> [PROVIDED MATERIAL]:
* * * *

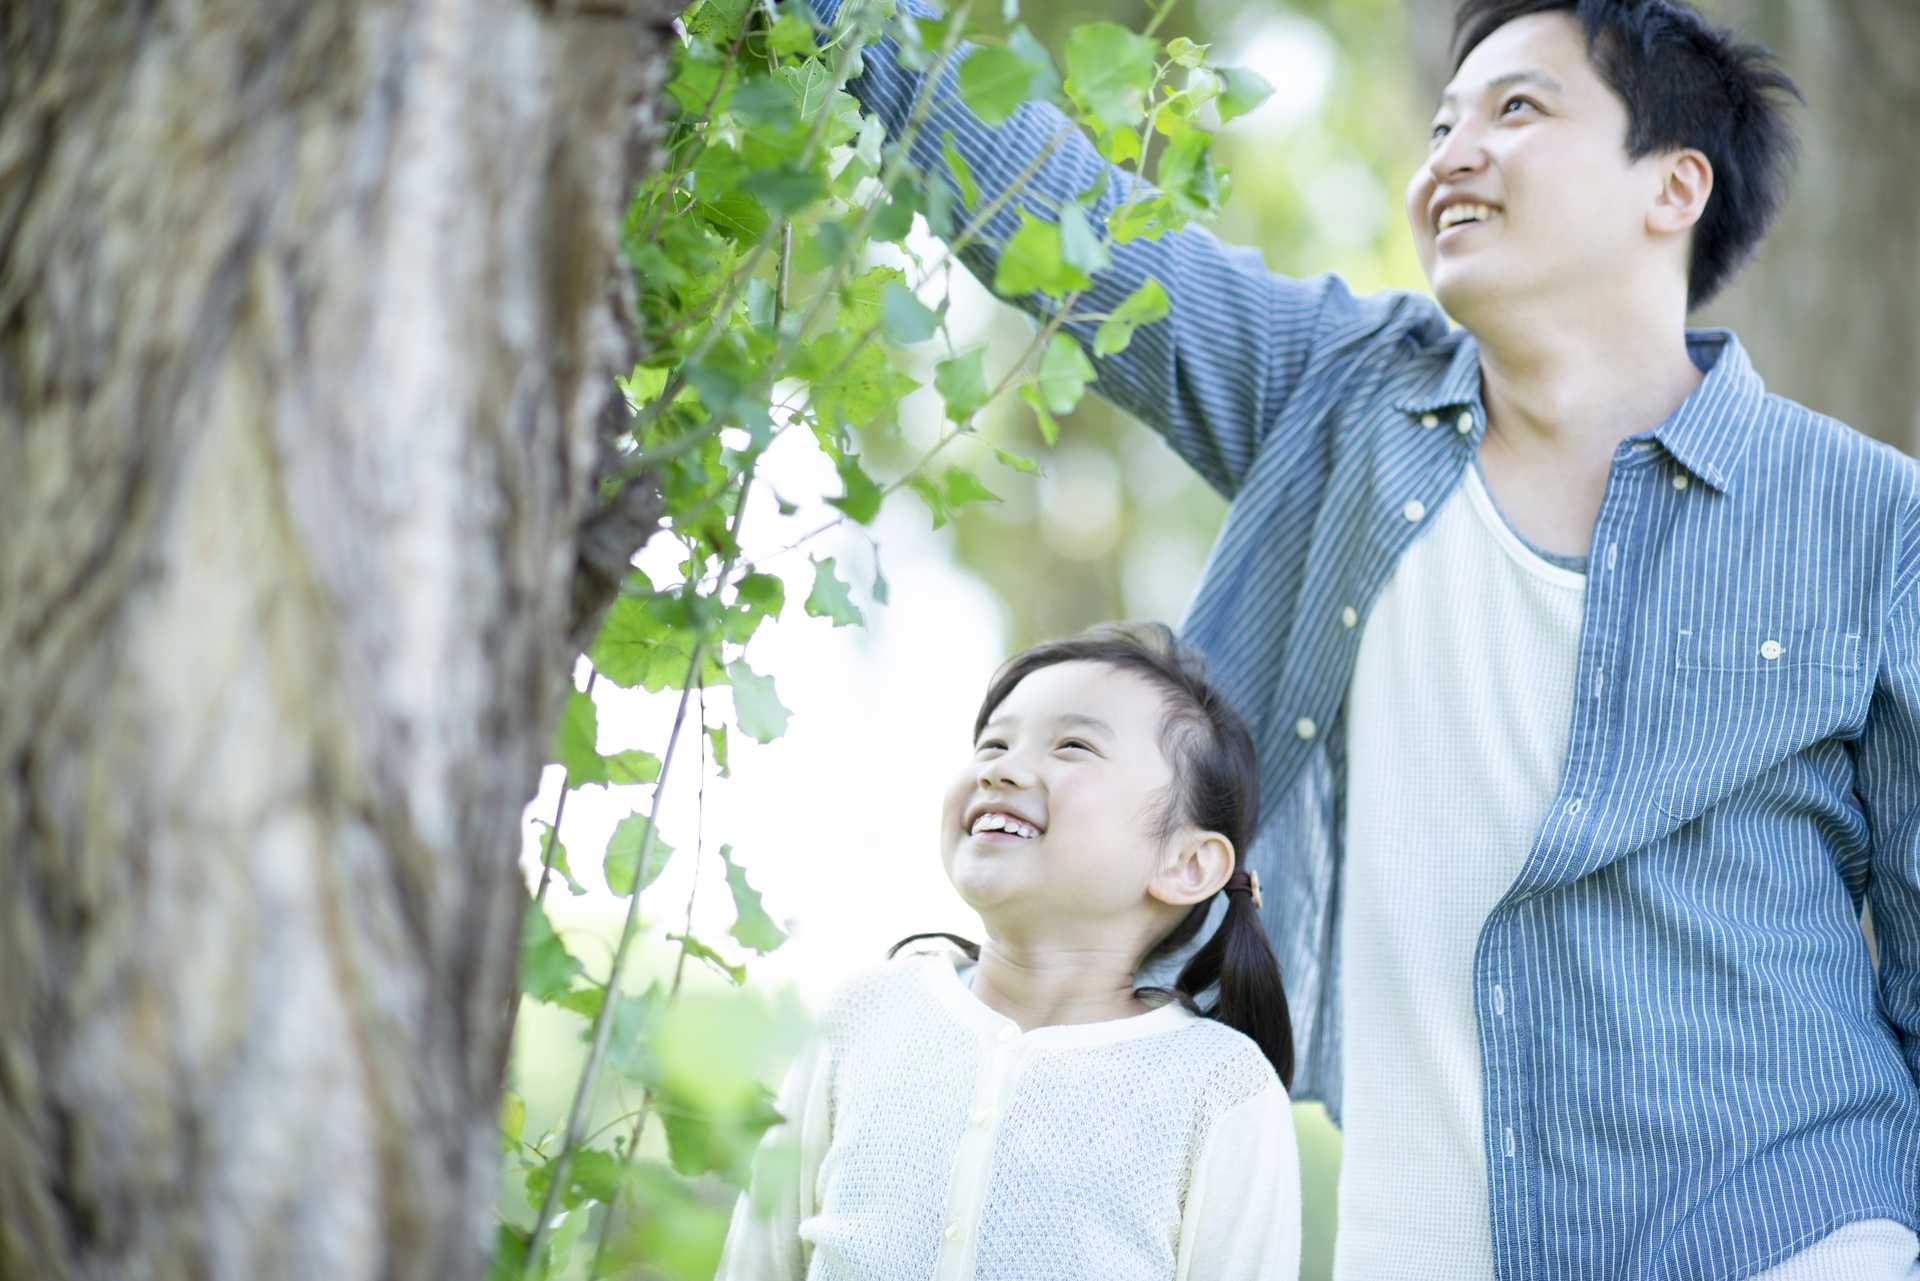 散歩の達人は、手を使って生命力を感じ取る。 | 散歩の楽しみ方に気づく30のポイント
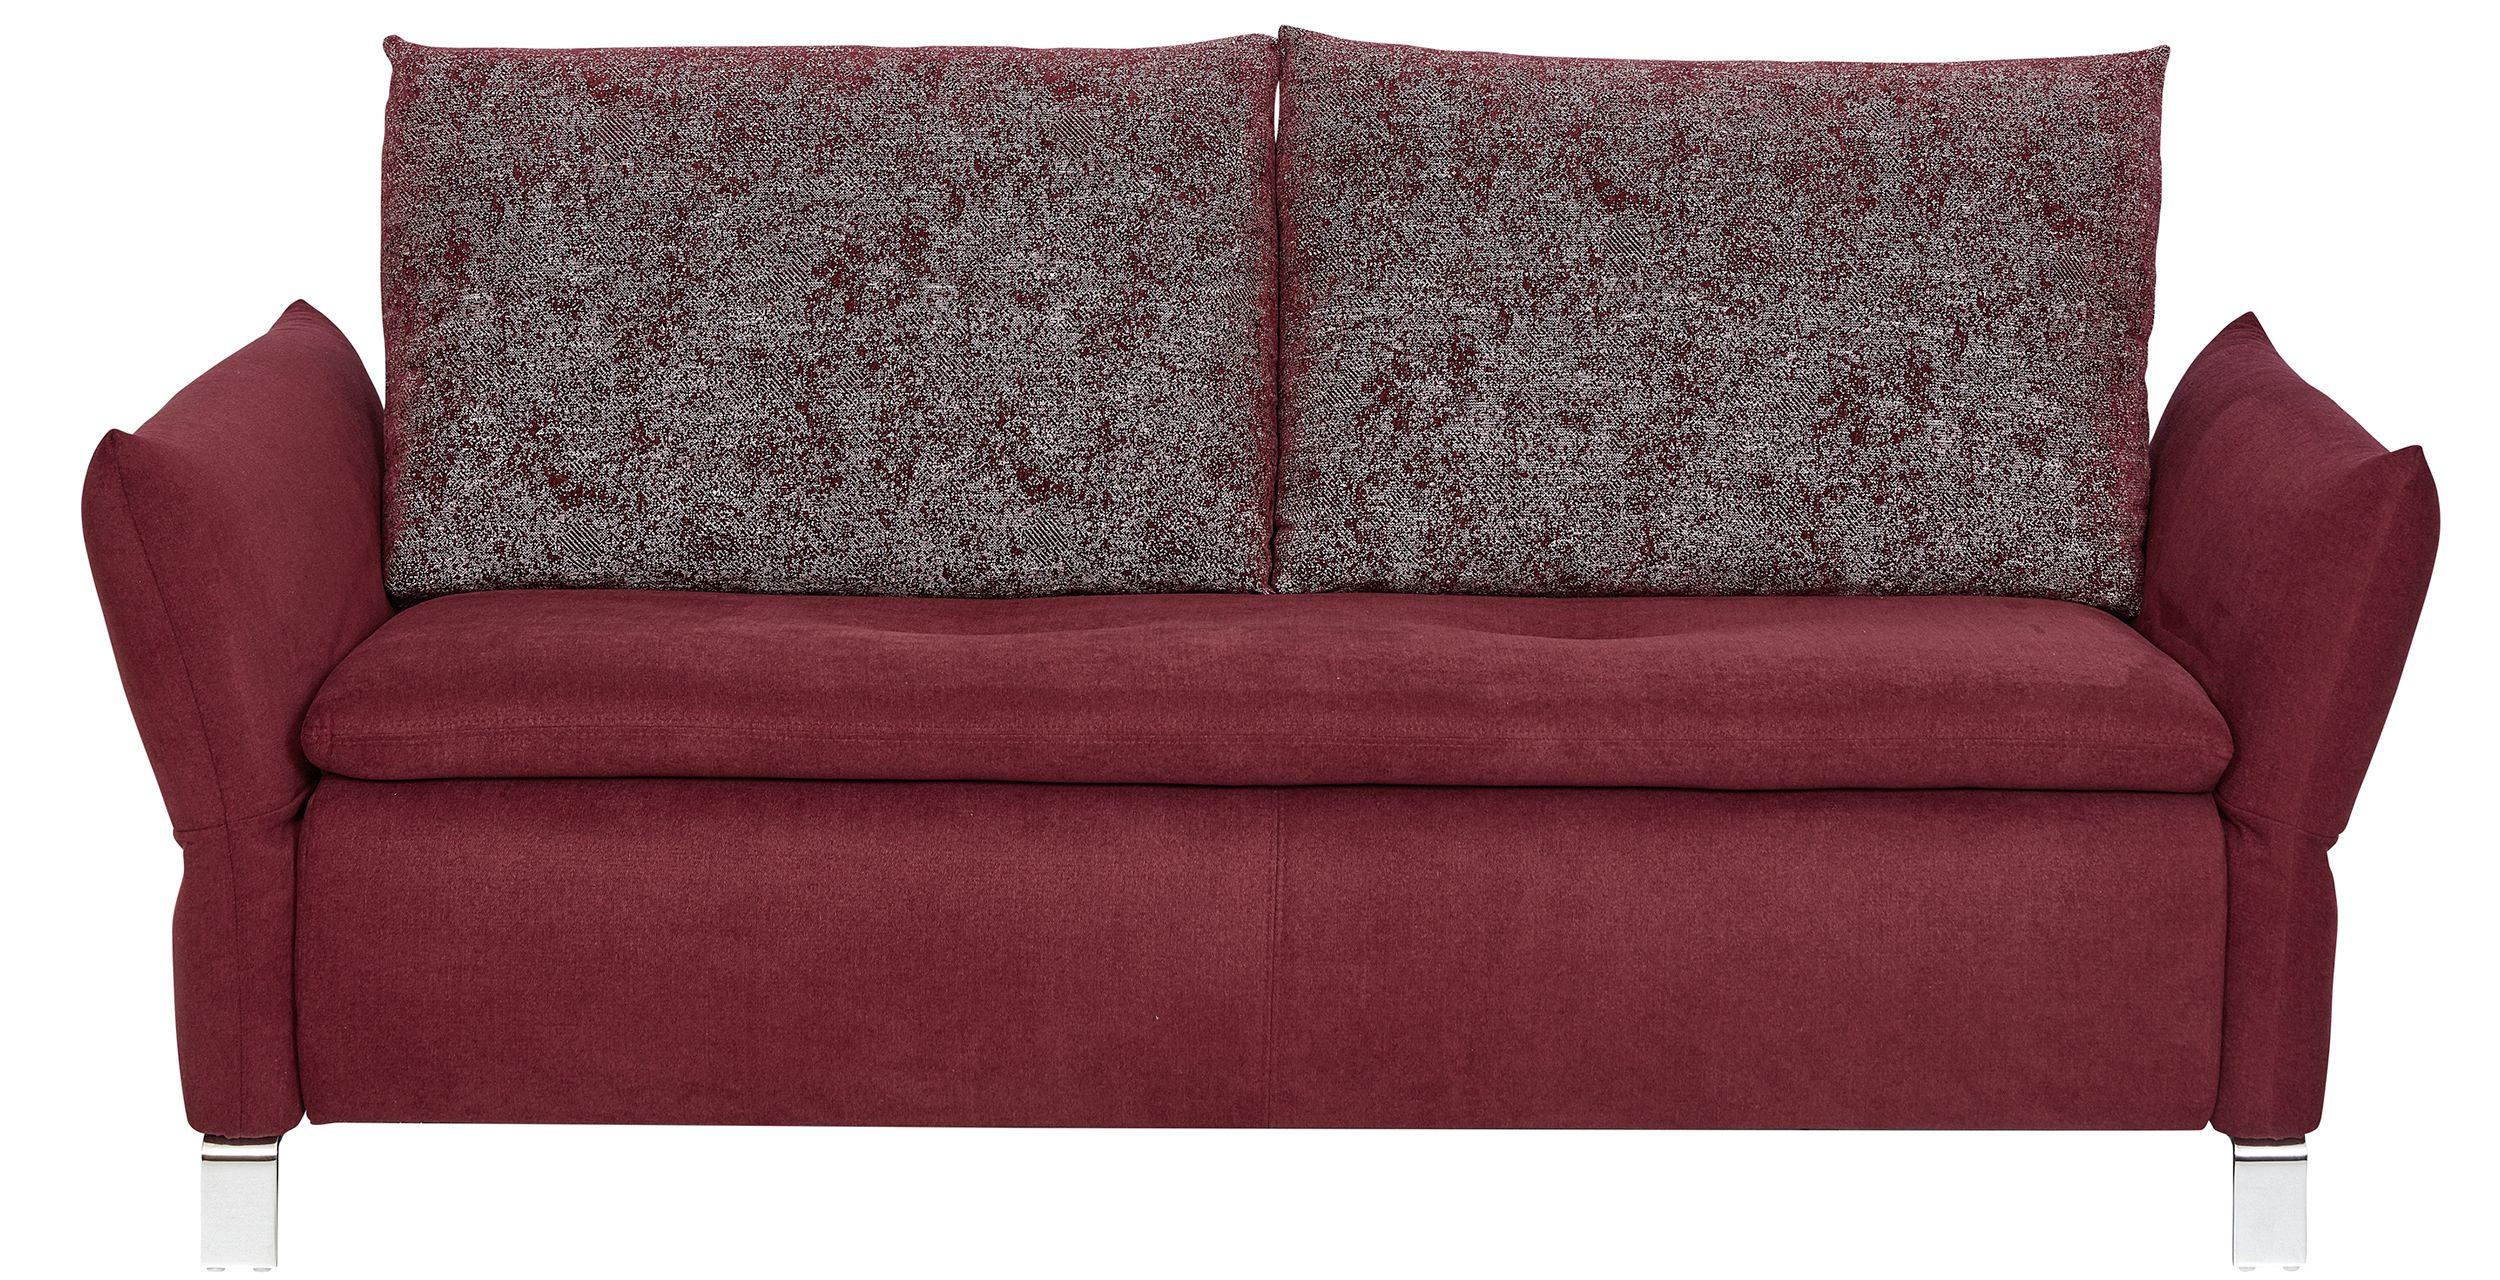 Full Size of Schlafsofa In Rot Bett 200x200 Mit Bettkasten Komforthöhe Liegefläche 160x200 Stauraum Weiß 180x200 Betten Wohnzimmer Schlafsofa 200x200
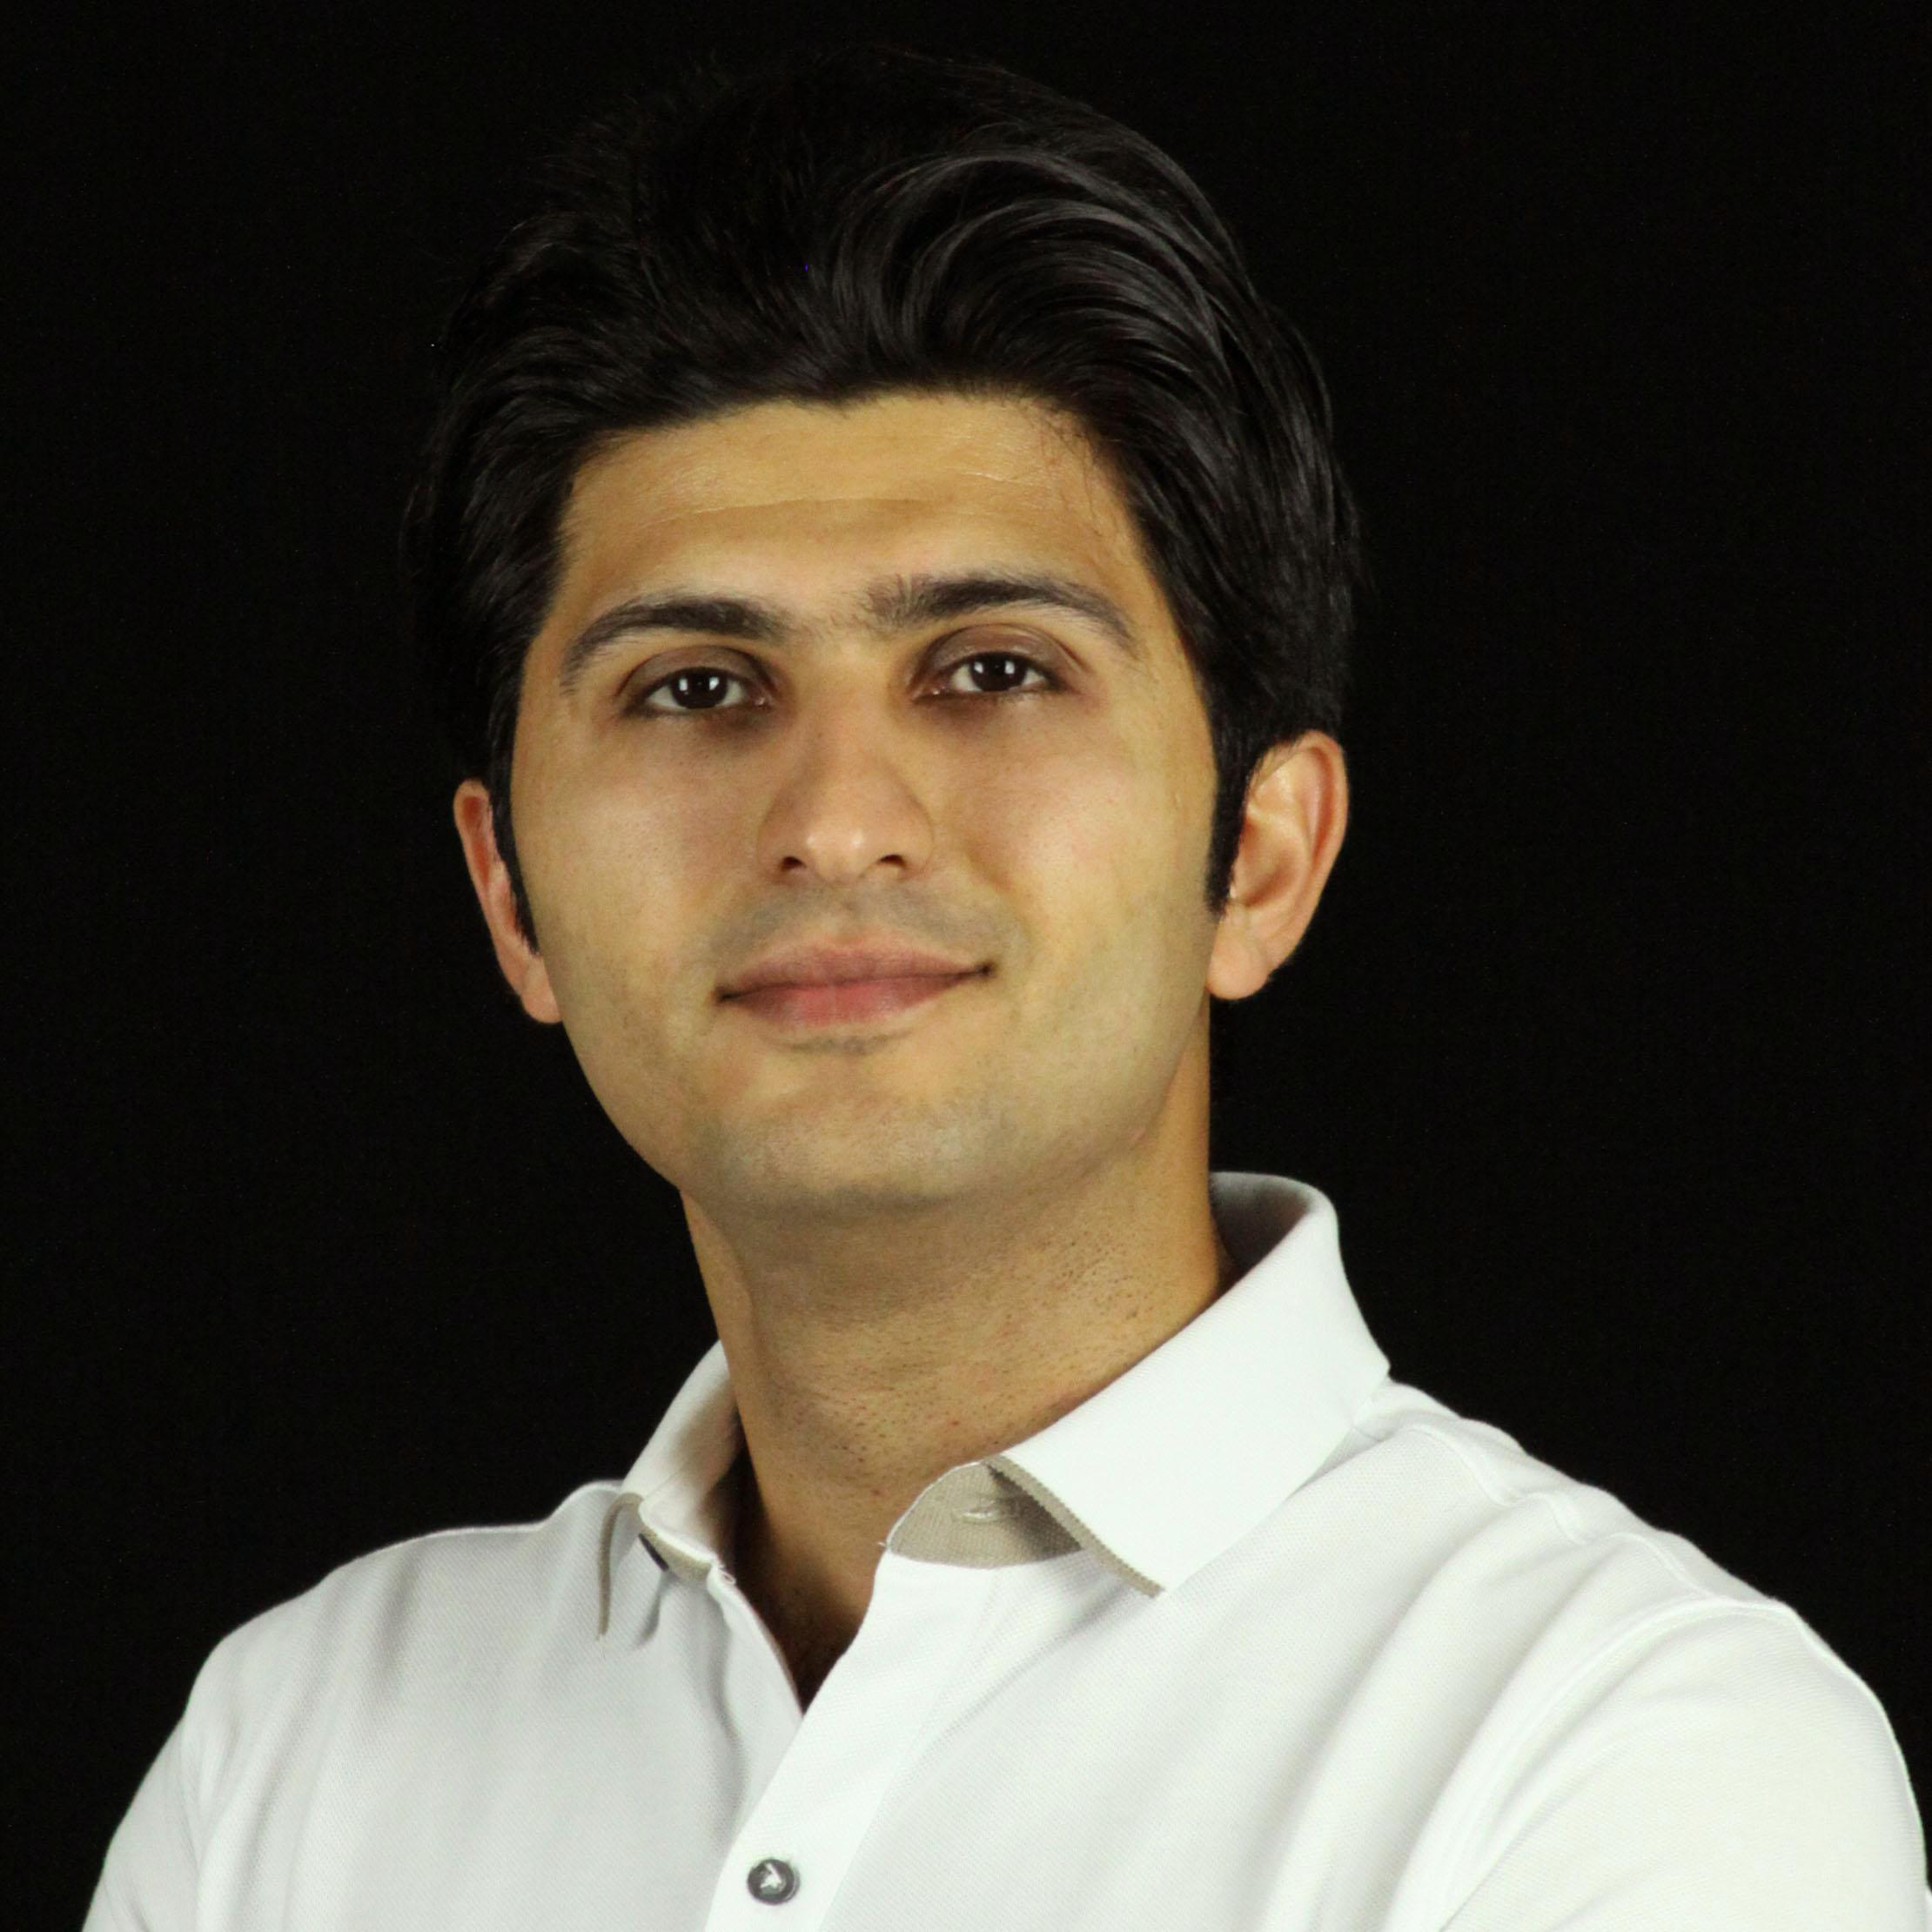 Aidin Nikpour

* * * *

> [WORK ORDER]:
Skipping all images, output the listing exactly.

> [PROBLEM SOLUTION]:
 散歩の達人は、手を使って生命力を感じ取る。 | 散歩の楽しみ方に気づく30のポイント
 Full Size of Schlafsofa In Rot Bett 200x200 Mit Bettkasten Komforthöhe Liegefläche 160x200 Stauraum Weiß 180x200 Betten Wohnzimmer Schlafsofa 200x200
 Aidin Nikpour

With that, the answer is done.